LoRA in Stable Audio 3

LoRA (Low-Rank Adaptation) enables parameter-efficient fine-tuning of large diffusion models. Instead of updating all model weights during training, LoRA freezes the pre-trained weights and injects small, trainable low-rank matrices into each layer. This dramatically reduces the number of trainable parameters and the size of saved checkpoints while still allowing the model to learn new behaviors.

Stable Audio 3 supports a family of adapter types that trade off expressiveness against parameter count:

Adapter	Trainable Params per Layer	Use Case
lora	`rank * (fan_in + fan_out)`	General-purpose fine-tuning. Good balance of expressiveness and efficiency.
dora-rows (default)	`rank * (fan_in + fan_out) + fan_out`	DoRA with per-row (per-output-neuron) magnitude. Paper-correct variant.
dora-cols	`rank * (fan_in + fan_out) + fan_in`	DoRA with per-column (per-input-feature) magnitude.
bora	`rank * (fan_in + fan_out) + fan_in + fan_out`	Bi-dimensional DoRA — independent row and column magnitudes.
lora-xs	`rank²`	Maximum parameter efficiency. Only a tiny core matrix is trainable; bases are frozen SVD factors.
dora-rows-xs	`rank² + fan_out`	DoRA-rows + LoRA-XS. Frozen SVD bases plus per-row magnitude.
dora-cols-xs	`rank² + fan_in`	DoRA-cols + LoRA-XS. Frozen SVD bases plus per-column magnitude.
bora-xs	`rank² + fan_in + fan_out`	BoRA + LoRA-XS. Frozen SVD bases plus both row and column magnitudes.

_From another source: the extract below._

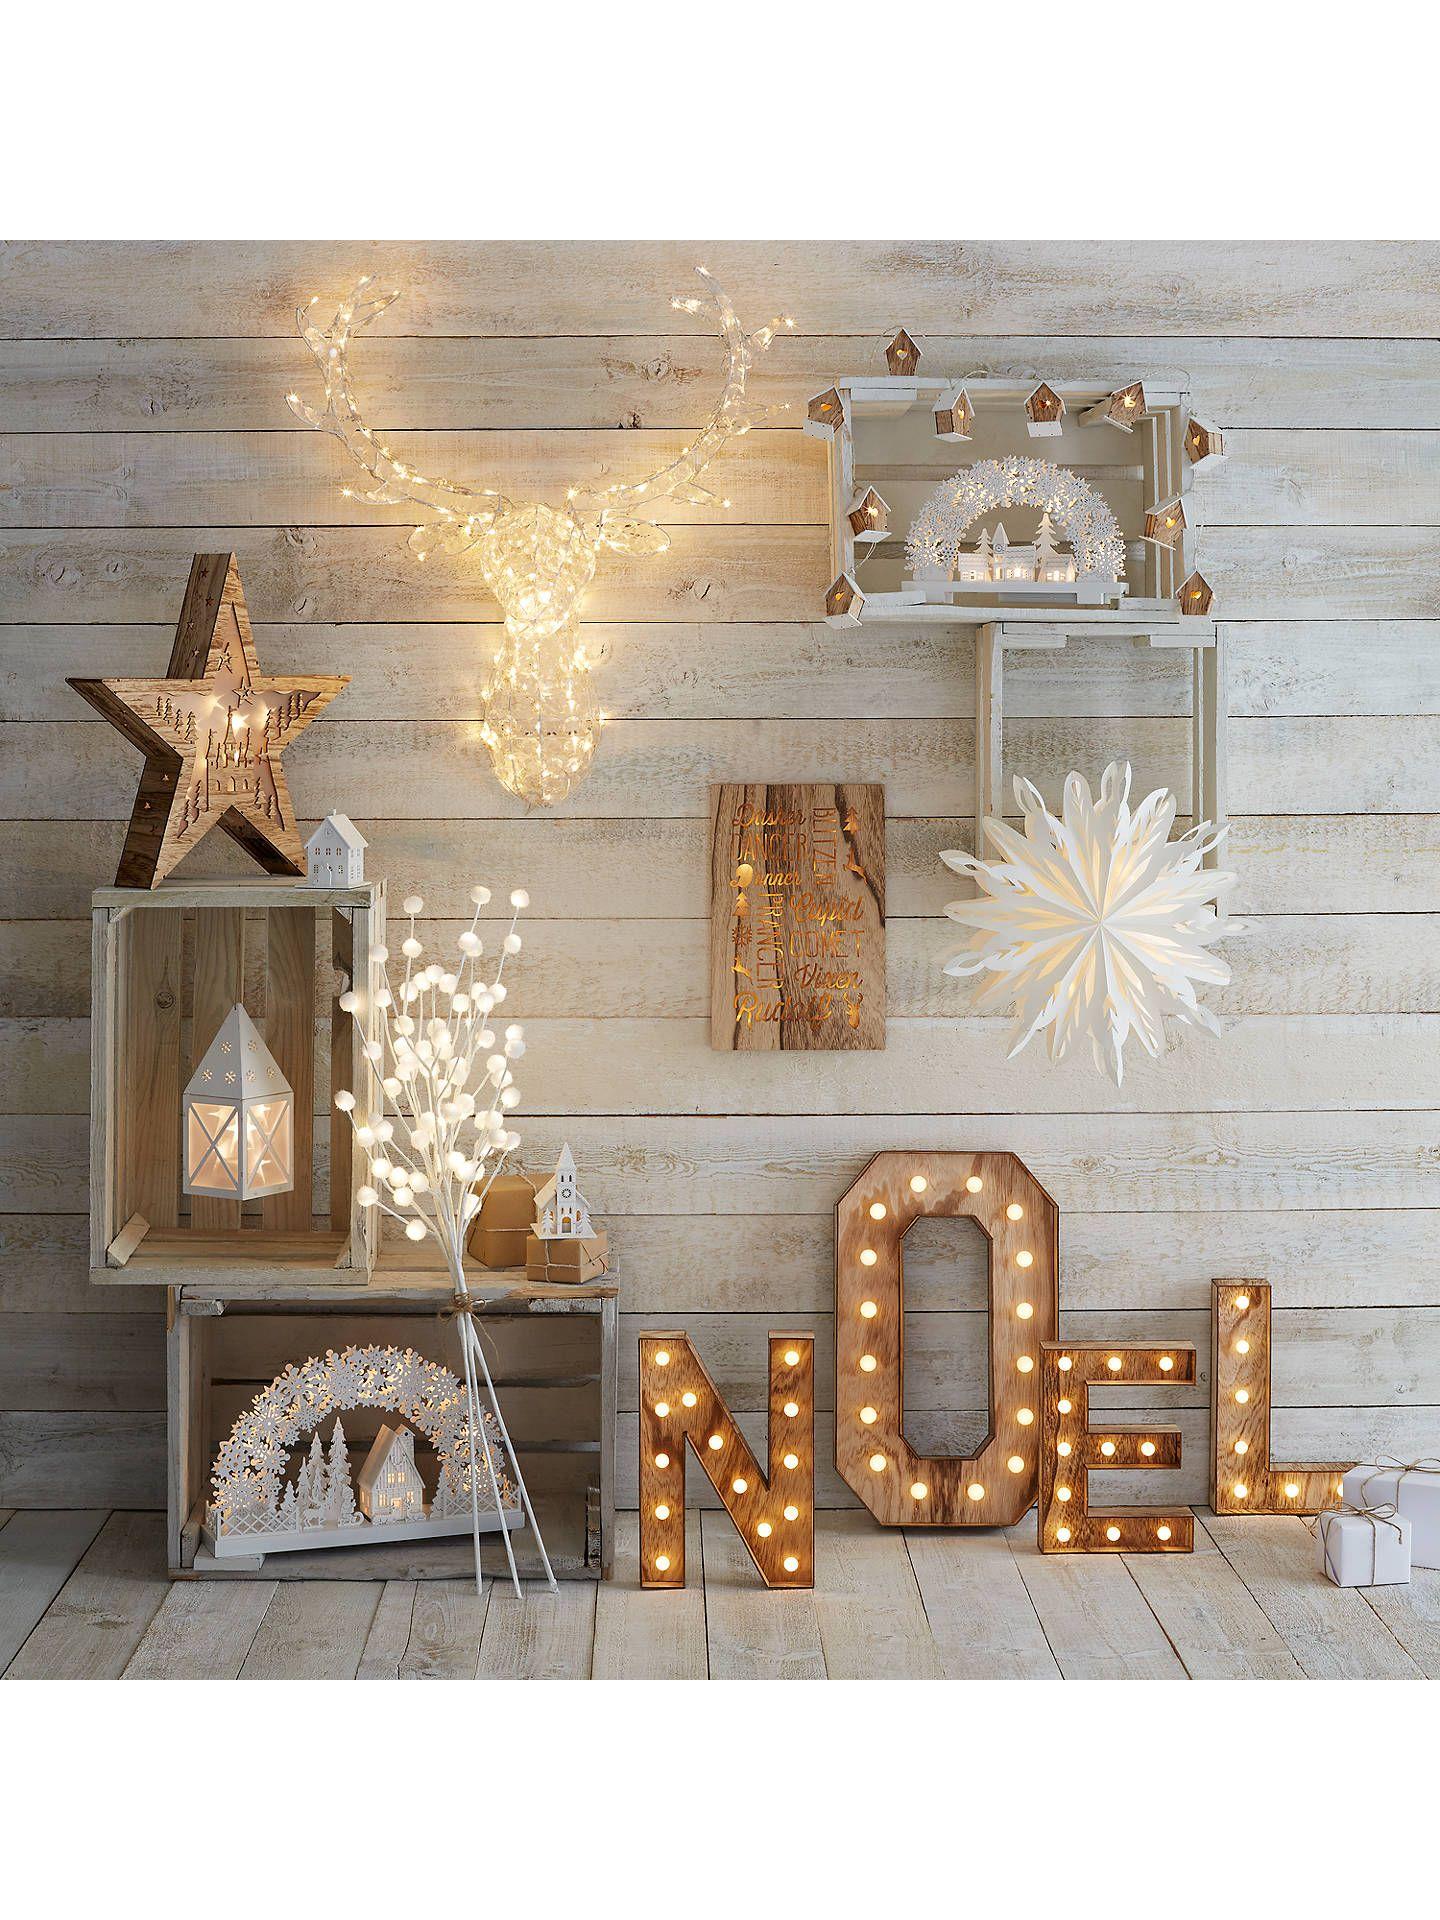 John Lewis Noel Christmas Light Sign Soft White Decorating With Christmas Lights Christmas Interiors Diy Christmas Lights

LoRA is applied to both the diffusion backbone (DiT) and the conditioner (only trainable parameters like the seconds_total conditioner).

Adapter Types

LoRA (Standard)

Standard LoRA decomposes each weight update into two low-rank matrices:

W' = W + (alpha/rank) * B @ A

Where W is the frozen pre-trained weight, A is a (rank, fan_in) matrix, and B is a (fan_out, rank) matrix. Only A and B are trained. The alpha/rank ratio controls the scaling of the LoRA update relative to the original weight.

A is initialized with Kaiming uniform initialization and B is initialized to zeros, so the LoRA update starts at zero and the model begins training from its pre-trained behavior.

DoRA (default: dora-rows)

DoRA (Weight-Decomposed Low-Rank Adaptation) extends standard LoRA by separating weight updates into direction and magnitude components:

V = W + (alpha/rank) * B @ A       (low-rank update, same as LoRA)
V_hat = V / ||V||_row               (row-normalized direction)
W' = V_hat * magnitude              (scale by per-row magnitude)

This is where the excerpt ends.